Is this the same place that carries the Bison Dele swimwear collection?
@TheStarterWife: Damn! I thought they were on tour.
My buddies Hench and J-Bug do not find this post funny.
Maybe Burma refused the shipment of the hats.
@ltwinslow: Get it right Winslow - the Haitians are in WPB.
THE NEW YORK GIANTS ARE TEH AWSOMEEST FUTBALL TEAM OF ALL TIME
Oh, and Lil Wayne is crying. No, seriously, he's always crying. You know, the tear tattoos? Means he killed a man.
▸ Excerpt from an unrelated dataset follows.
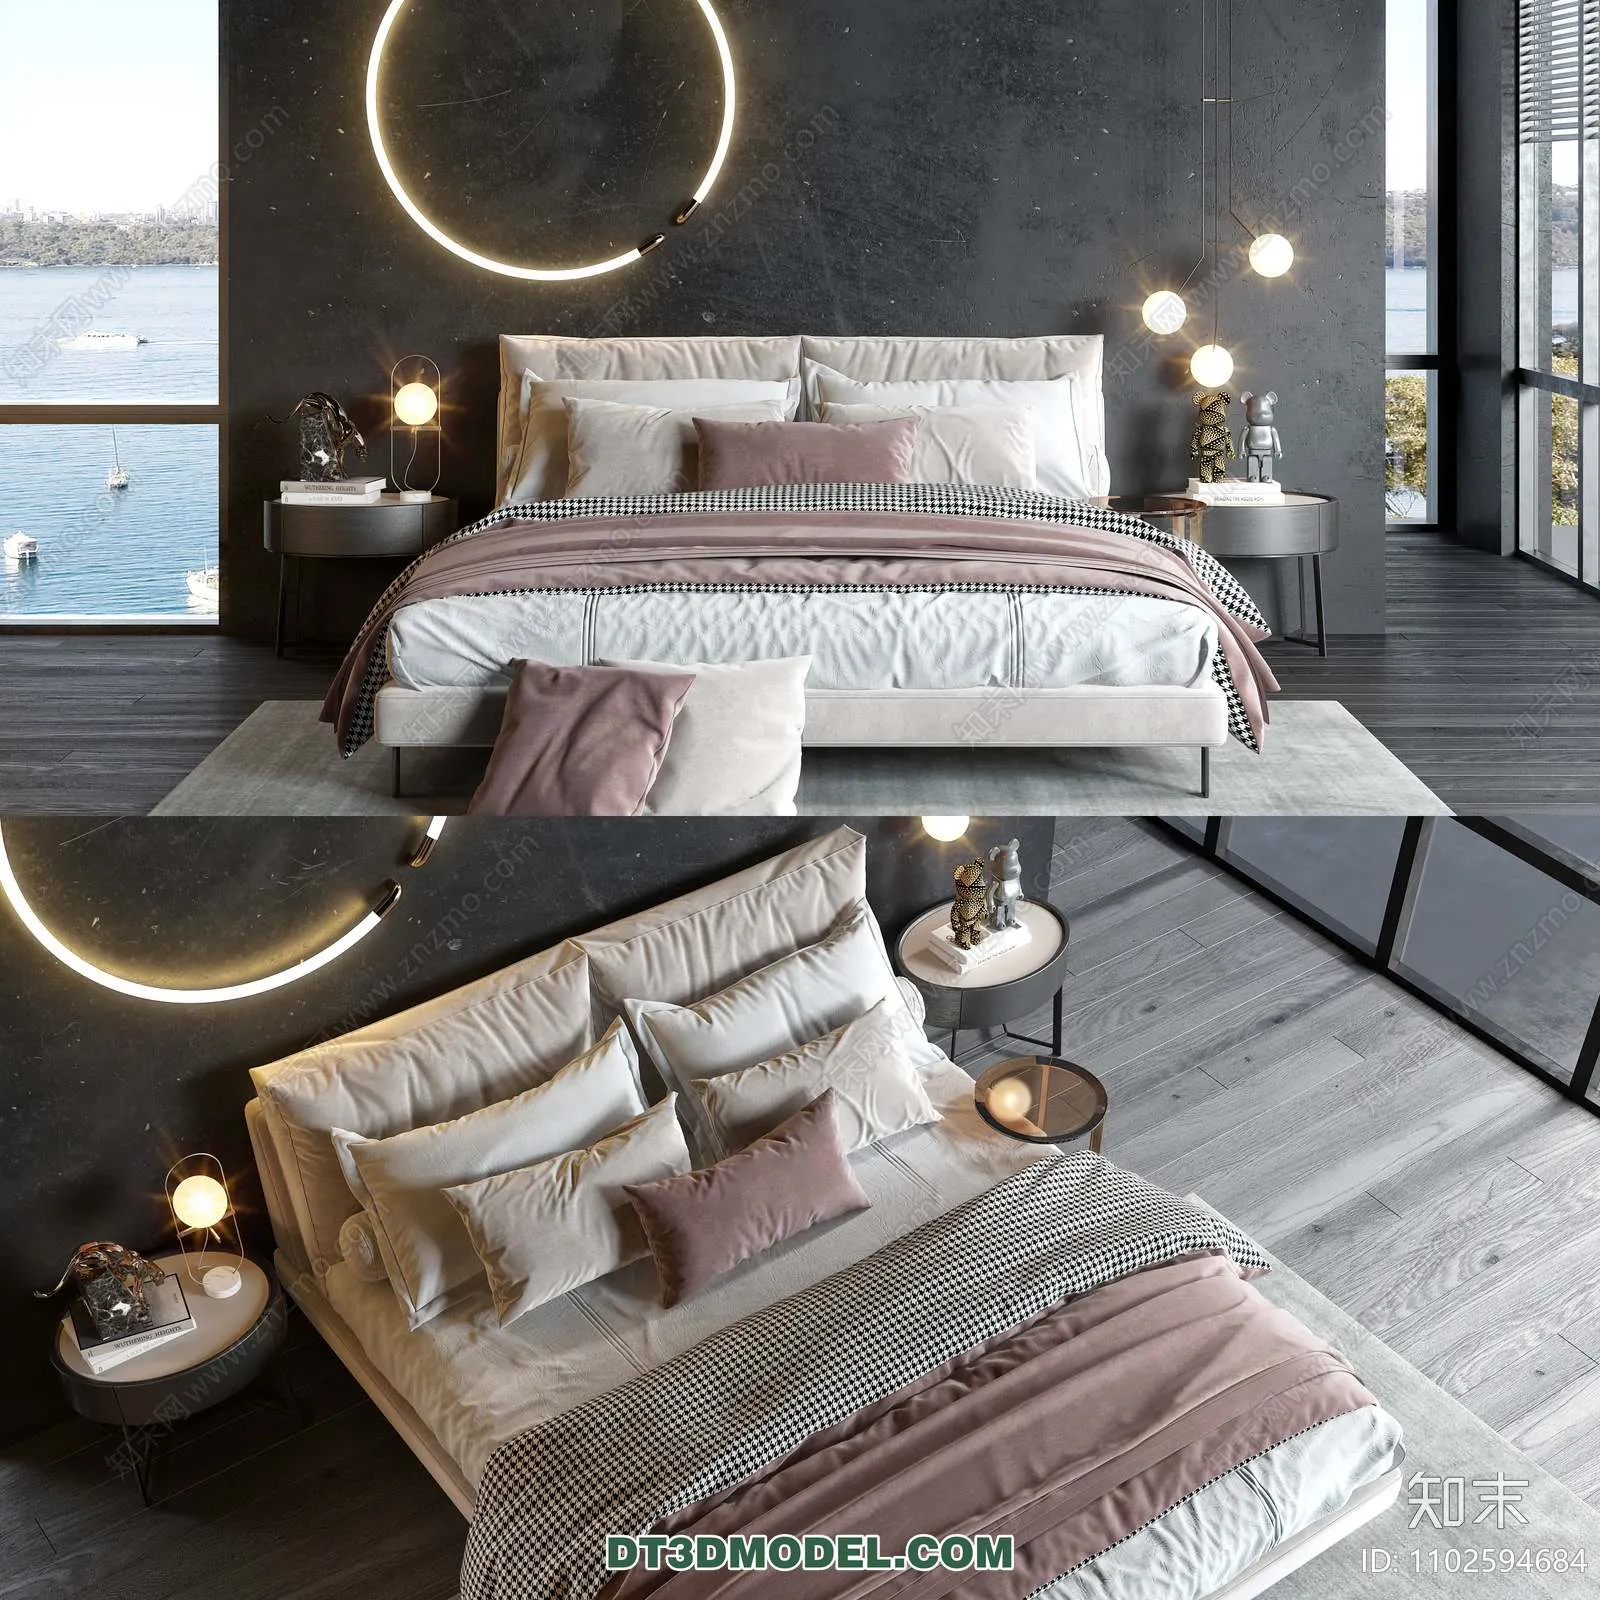 Double Bed 3D Models – 0008

A few actually.
/guitar gently weeps
Almost as good as the LOS ANGLES hat I saw at the LACC Swap Meet a couple of weeks ago.
Is it wrong that I still am having a Giants orgasm?
19-0 aha aha aha aha!!!!!!!!!!!!!!!!11111
@Riddler: Hiero!
De 'ayshan delegayshan rules de nayshan brudda.
@Secret Identity:
na bule' indeed
I'm the owner of a New York Yankees 2003 World Series Champion hat. A friend's wife found six of them in an Odd-Lots in Georgia last year. Hologram and everything. I keep thinking that if I wear it enough the Yankees will go back in time and win two more games.
If I could score one of those Bacardi hats, I could have the perfect receptacle for my Bacardi vomit later tonight.
@ltwinslow:
Dude, we live in Queens. Cambria Heights, actually.
And it's bad enough with the French jokes around here, now I have to put up with Haitian jokes too? Why do you hate my family, Deadspin?
@OlsenTwinsValueMenu:
Hey, we used to produce baseballs for MLB. Close enough, right?
I saw a guy wearing a "16-0 Undefeated Regular Season" T-Shirt the other day. I have to assume that if he was in New England, he would get pummled for that. More than anything, I can't believe they actually made those shirts.
i want one
@formerly Chief Wahoo: It's over in aisle four, next to the "Cleveland Indians 1997 World Series Champion" Throw blankets.